INFORMATION SHOWN ::
╭──
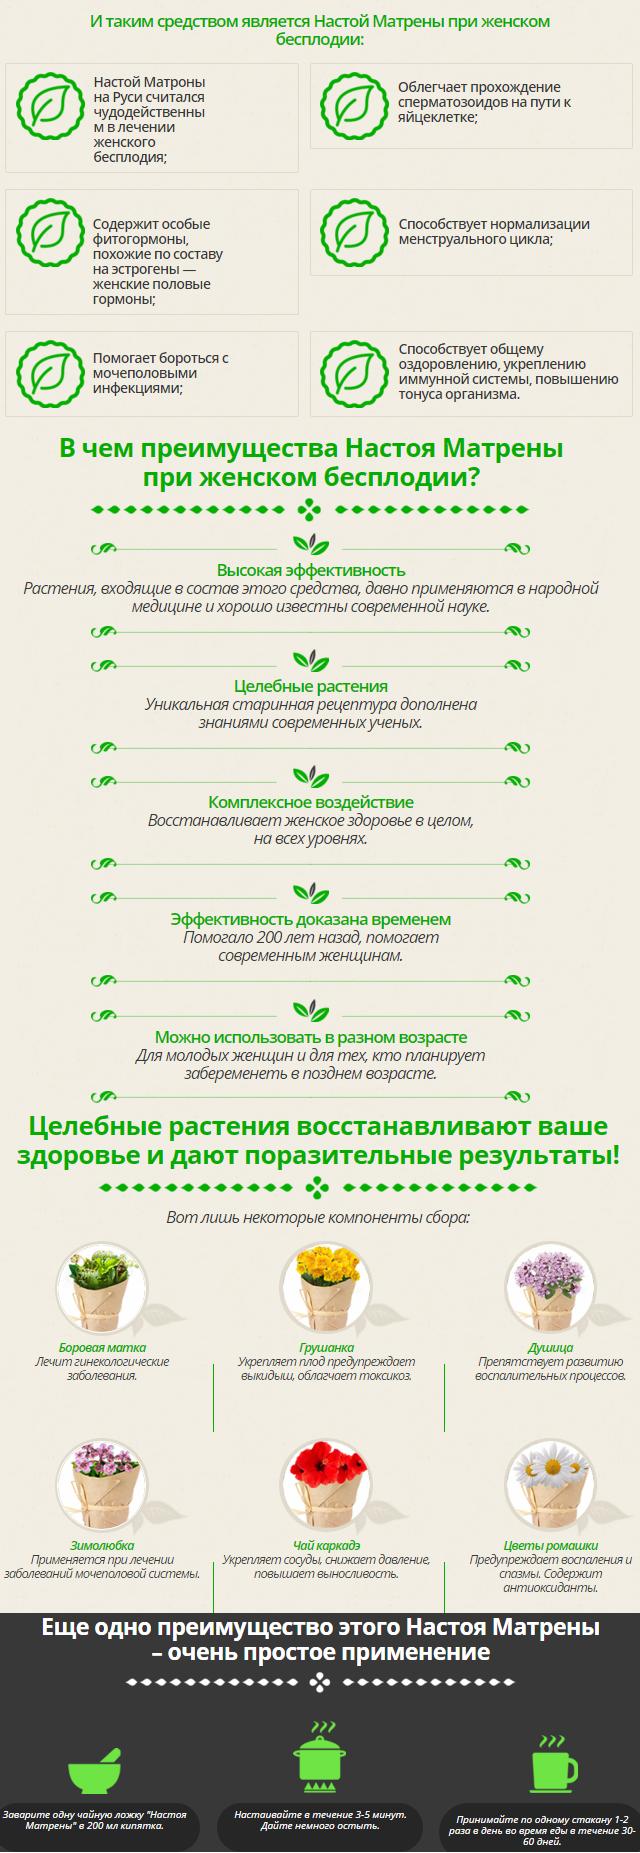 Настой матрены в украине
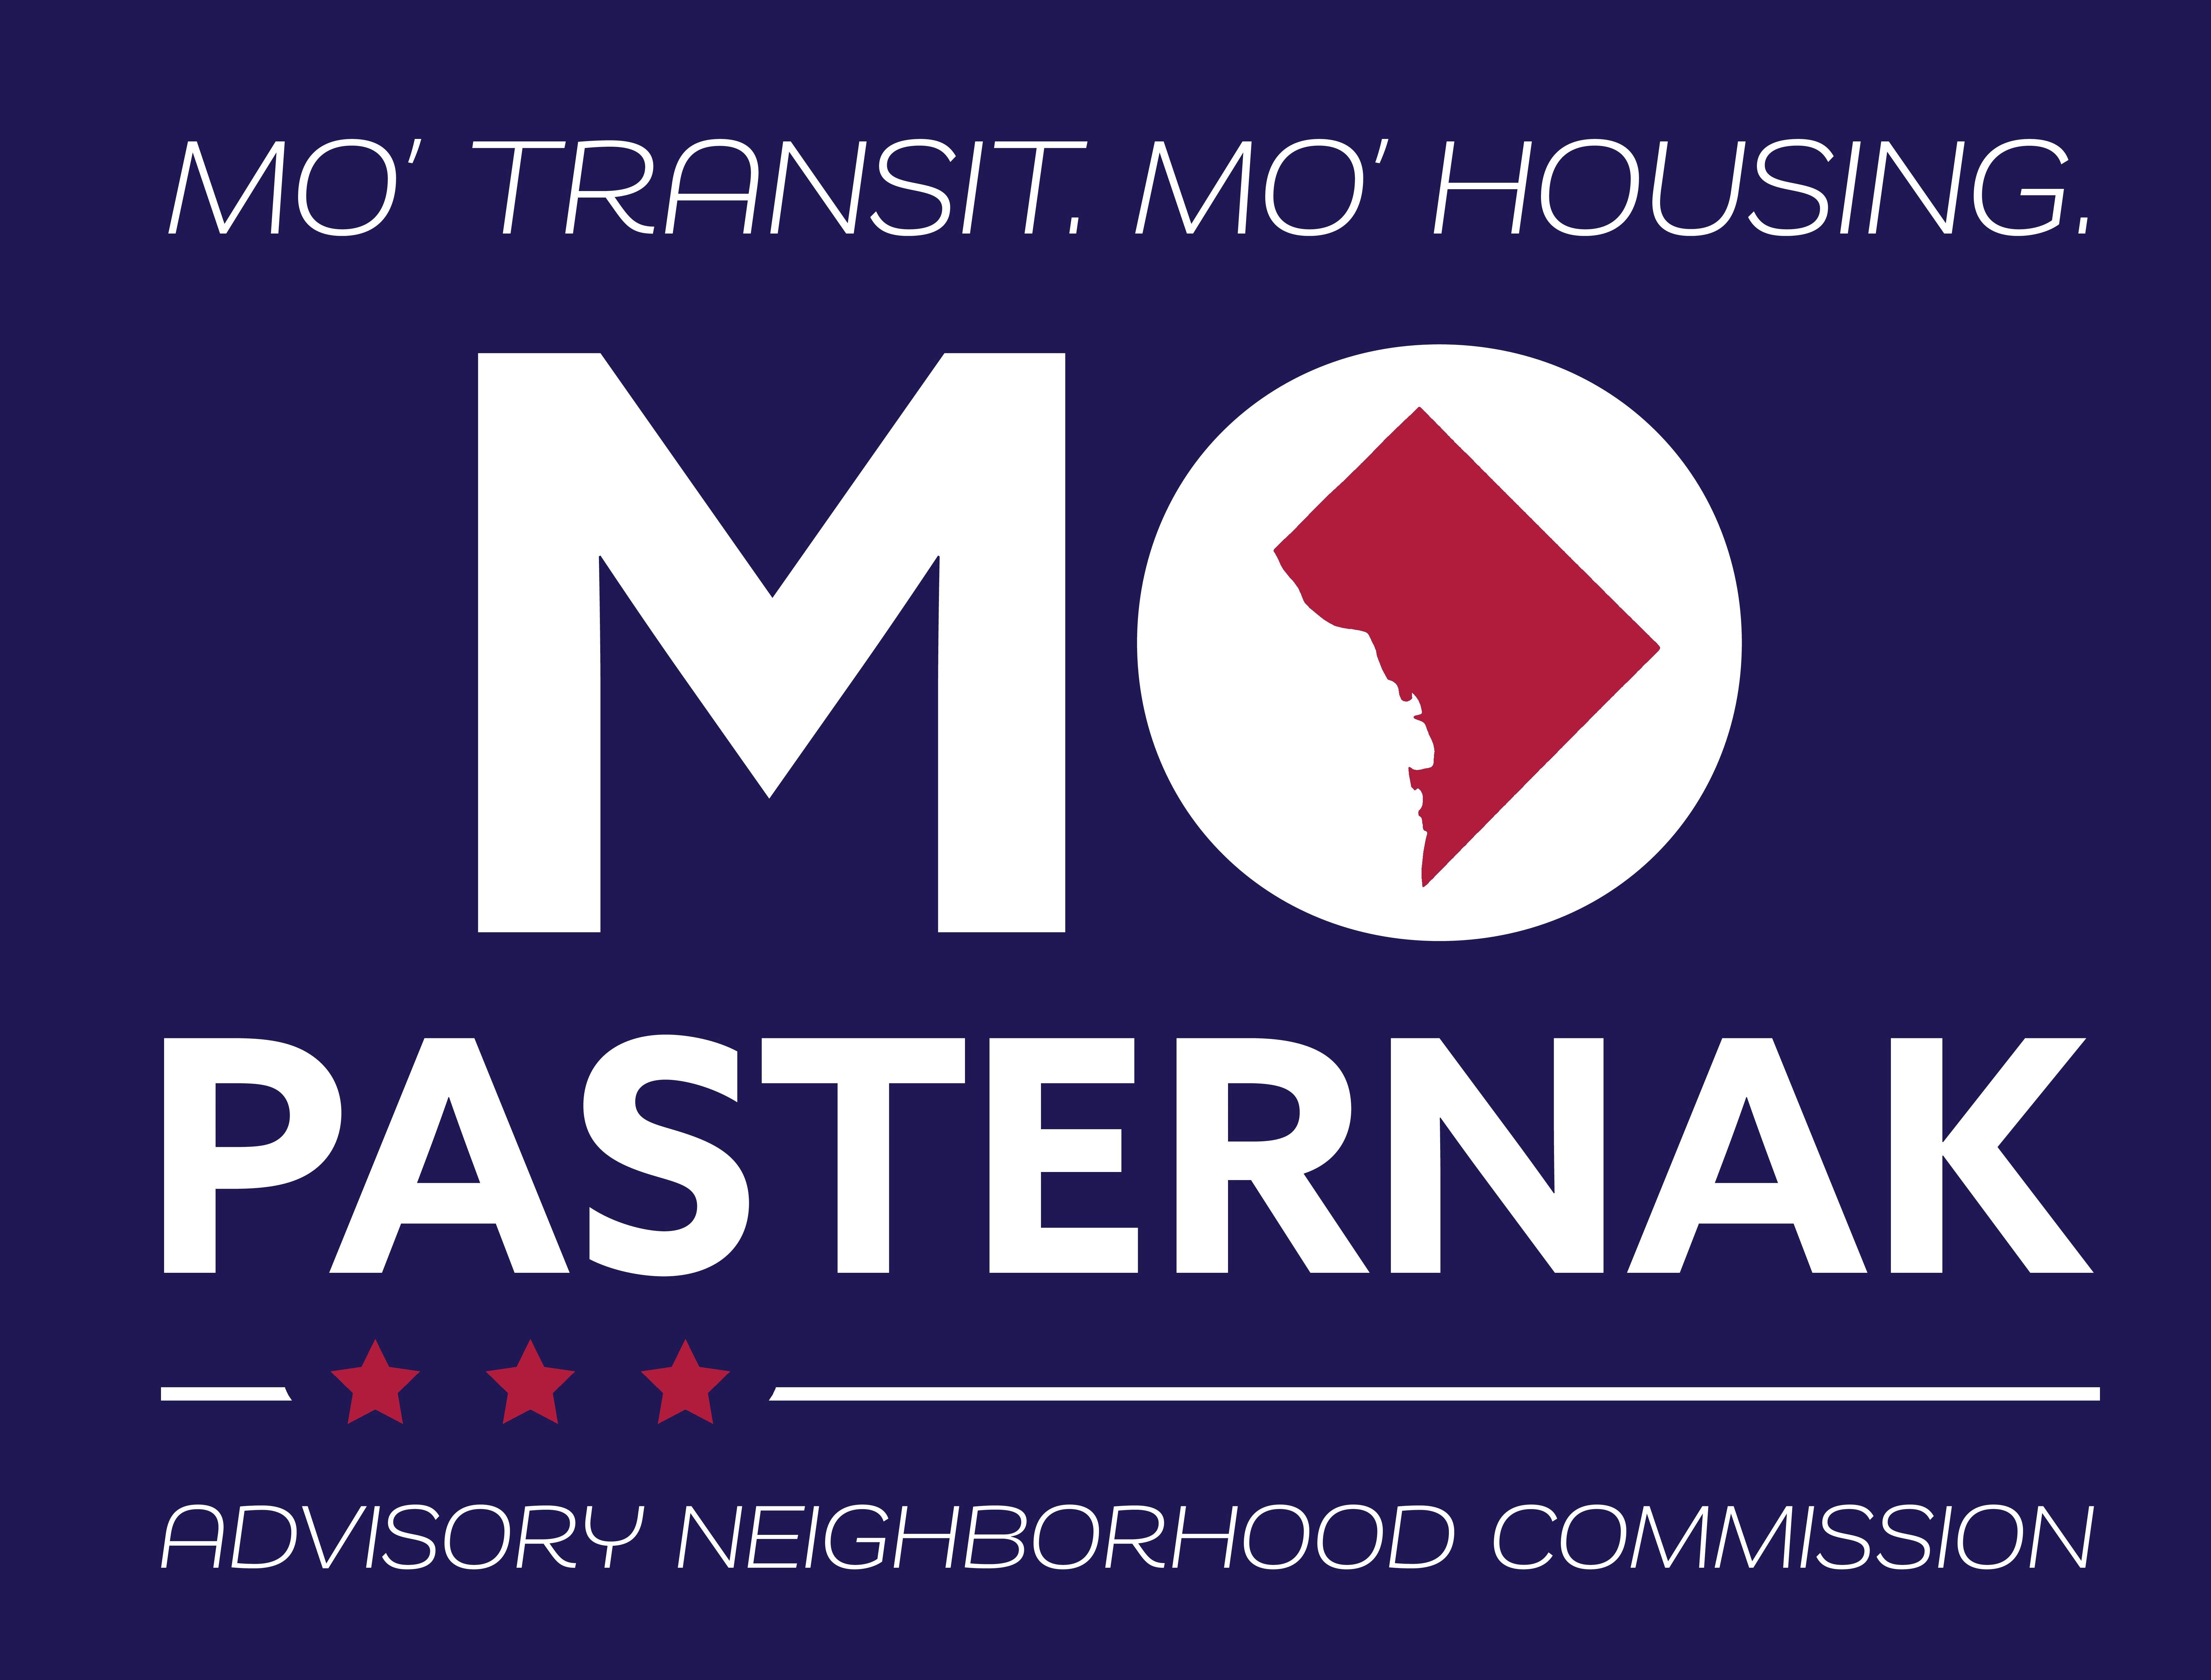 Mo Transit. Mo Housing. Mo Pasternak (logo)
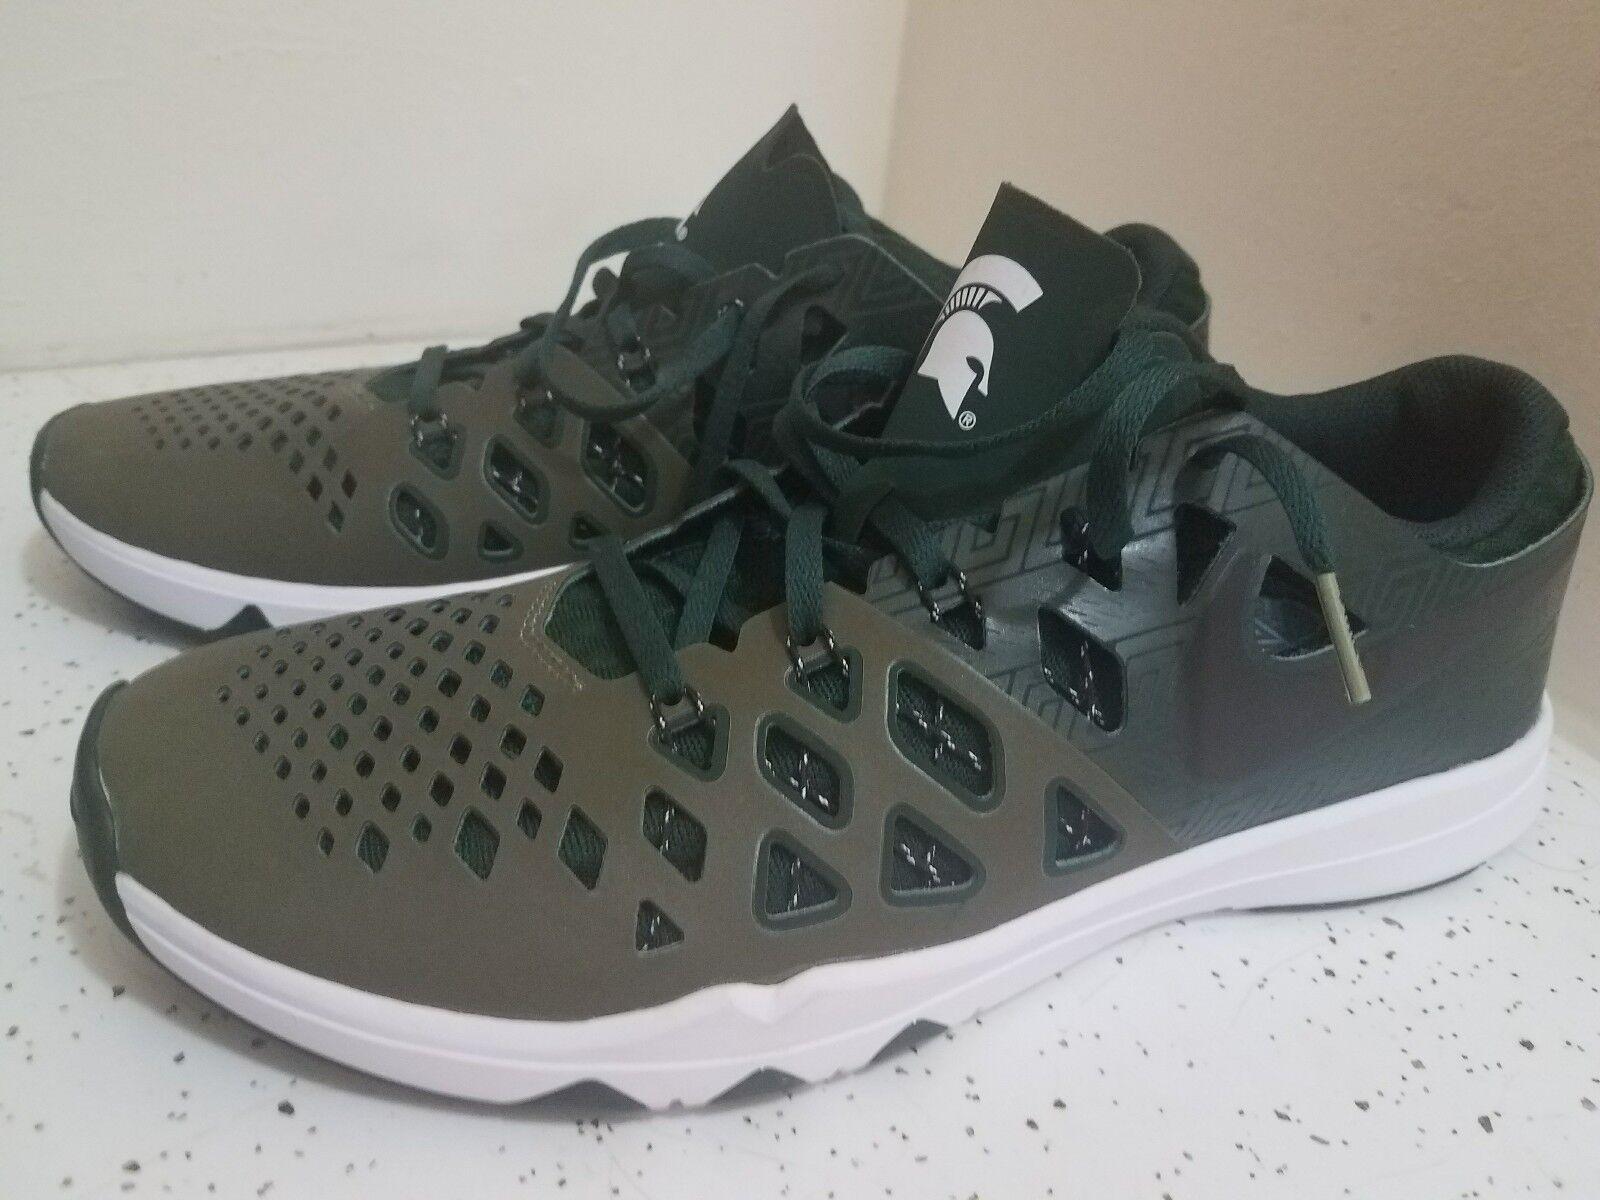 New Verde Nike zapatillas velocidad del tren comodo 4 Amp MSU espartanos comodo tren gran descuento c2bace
╰──
EXERCISE OBJECTIVE ::
Could all the data above be given again exactly, leaving out its images?

WORKED SOLUTION ::
 Настой матрены в украине
 Mo Transit. Mo Housing. Mo Pasternak (logo)
 New Verde Nike zapatillas velocidad del tren comodo 4 Amp MSU espartanos comodo tren gran descuento c2bace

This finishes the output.